Other than the petite perfection of tiny little gum balls, brewed somewhere with the help of all sorts of animal parts, I can´t say I have felt better than now in quite some time. I was starting to unravel pretty hard in La Paz, the physical proximity to all my dreams has thrown me for quite a loop, what I mean is, if you are unable to accomplish something when it is all around, for the taking, then it is a good moment to question what mettle you are comprised of, and what changes need to be made to ensure you can look yourself in the mirror. Not to get too ethereal, but I´m sure you can all understand.
(4 gum balls left...)
So, we were having a ton of trouble finding good spanish lessons, coupled with a ravaging tummy virus that turned all my future meals to pulp before I could even eat them, and absolutely not one solid night of sleep. The feeling I get from stress is exactly the feeling I have when I haven´t eaten. It´s a bit odd, but it means that many times in my life I spend a whole day pondering what unseen trauma could be disbalancing me, only to eat a cracker and find the world at peace. Speaking of which...
(3 gum balls left.

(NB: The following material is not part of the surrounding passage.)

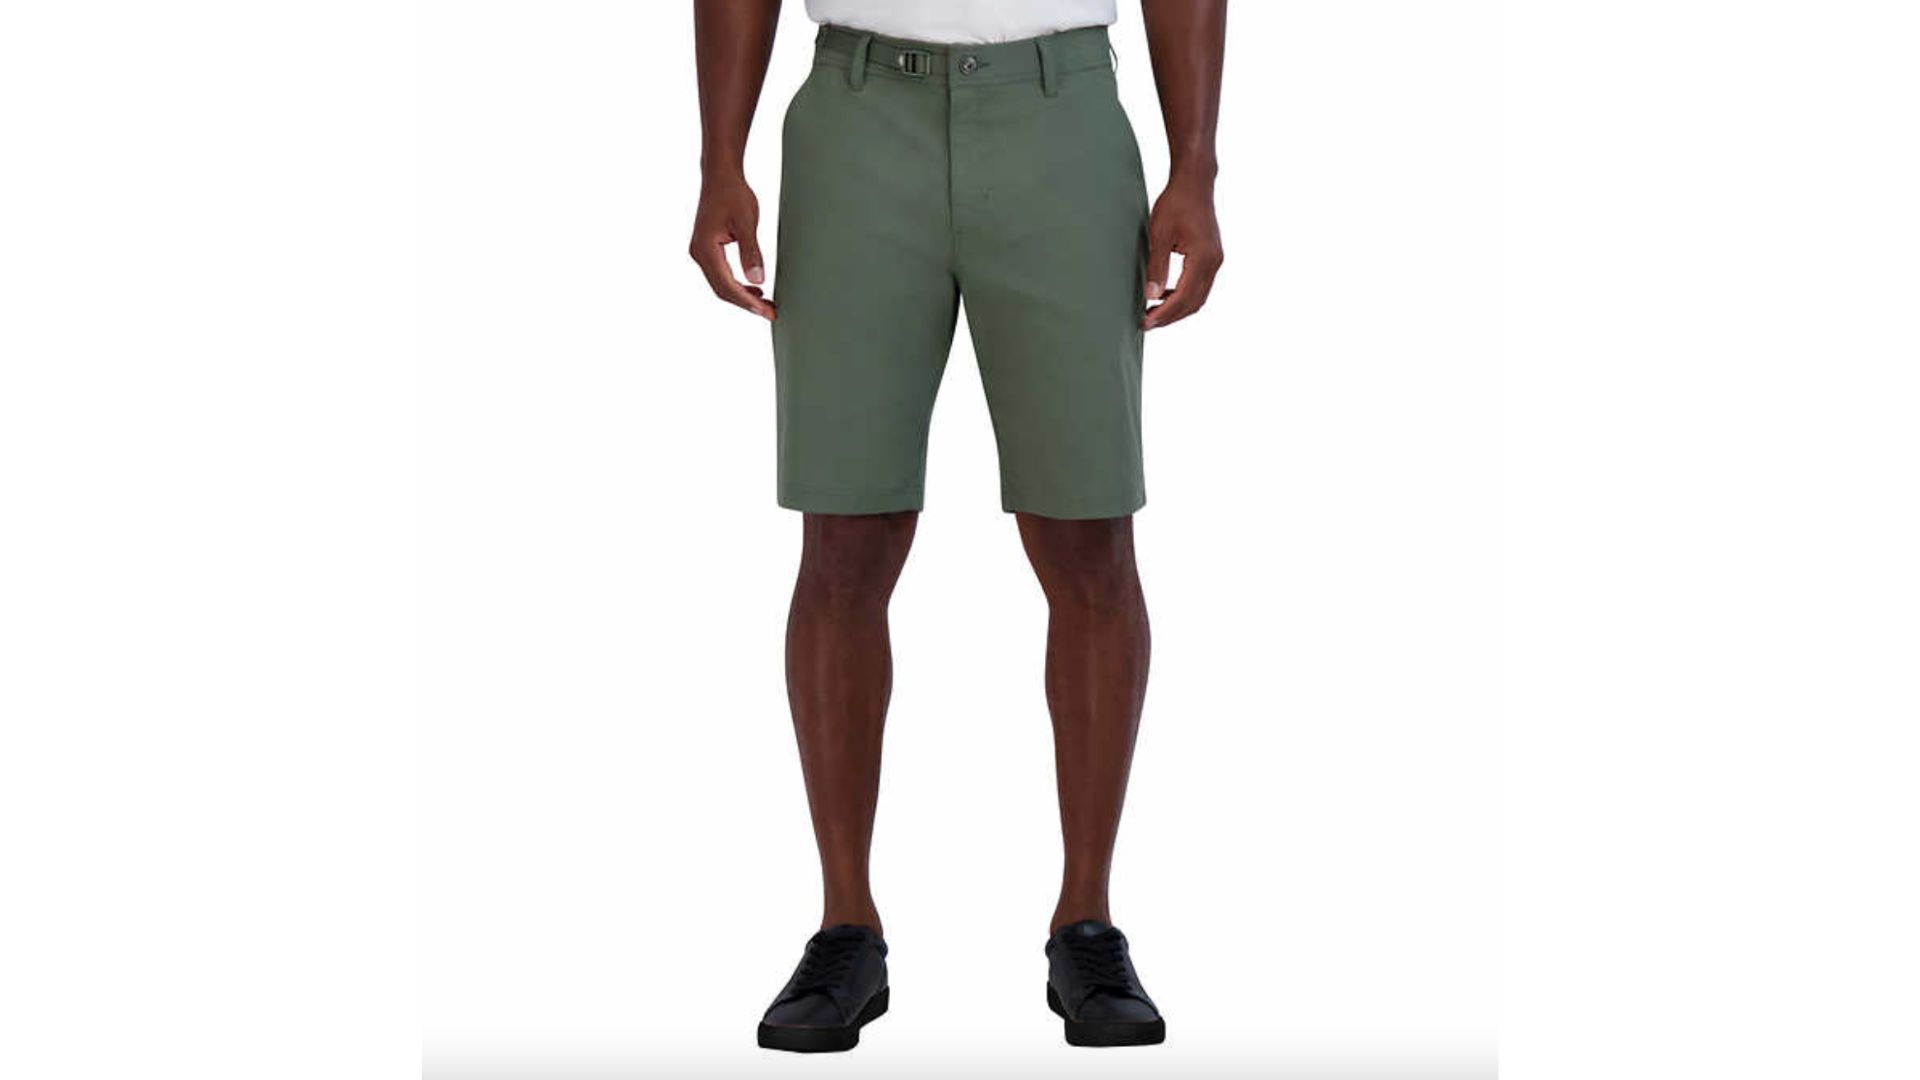 <ul> <li><strong>Price:</strong> <a href="https://www.costco.com/gerry-mens-venture-short.product.4000026554.html" rel="noreferrer noopener">$11.99</a></li> </ul> <p>If you're searching for men's shorts with a built-in belt, these Gerry men's venture shorts are a great option. In addition to including a built-in belt, each pair also features a zippered side and back pocket.</p> <p>Costco members receive $4 off the original price of $15.99 when they shop these shorts. Pick from green, black and blue colors in various men's sizes.</p> <p><strong>Try This: <a href="https://www.gobankingrates.com/saving-money/shopping/things-you-should-always-buy-at-trader-joes/?utm_term=related_link_6&utm_campaign=1263709&utm_source=msn.com&utm_content=8&utm_medium=rss" rel="">10 Things You Should Always Buy at Trader Joe's</a></strong></p>

Yum!)
So I was being woken up all sorts of times in the hostal by the doorbell, or vomiting Peruvians, or my lacerous insect bites (jungle mementos), only to be gripped by an unsavory taste of panic at the state of my life, a continuous worry that at all times may, or may not have been, entirely due to my complete lack of eating. I would then literally spin in my bed in tiny rotary circles until I fell asleep again, dutifully to repeat the process in any of the oncoming minutes. Literally, I have been a mess. It has not helped that on a very corporeal level, I have yet to make any significant headway into the goals I have for myself in this continent of personal possibility, nor have I led even one revolution. I tried to marshall the shoe-shine revolution, but to no avail, no one believes a man in canvass shoes...
(2 left! Deelicious.)
Okay then, so Jess and I fled the lovely but inhospitable-for-spanish-lessons La Paz and just recently arrived in the fabulously pretty and colonially middle class Sucre. It´s really nice on the eyes, even without the power of Illimani and the rest of the mountainous cohorts of the capital, but the buildings are all old and white and built on the blood of the poor, so it just kind of oooozes charm.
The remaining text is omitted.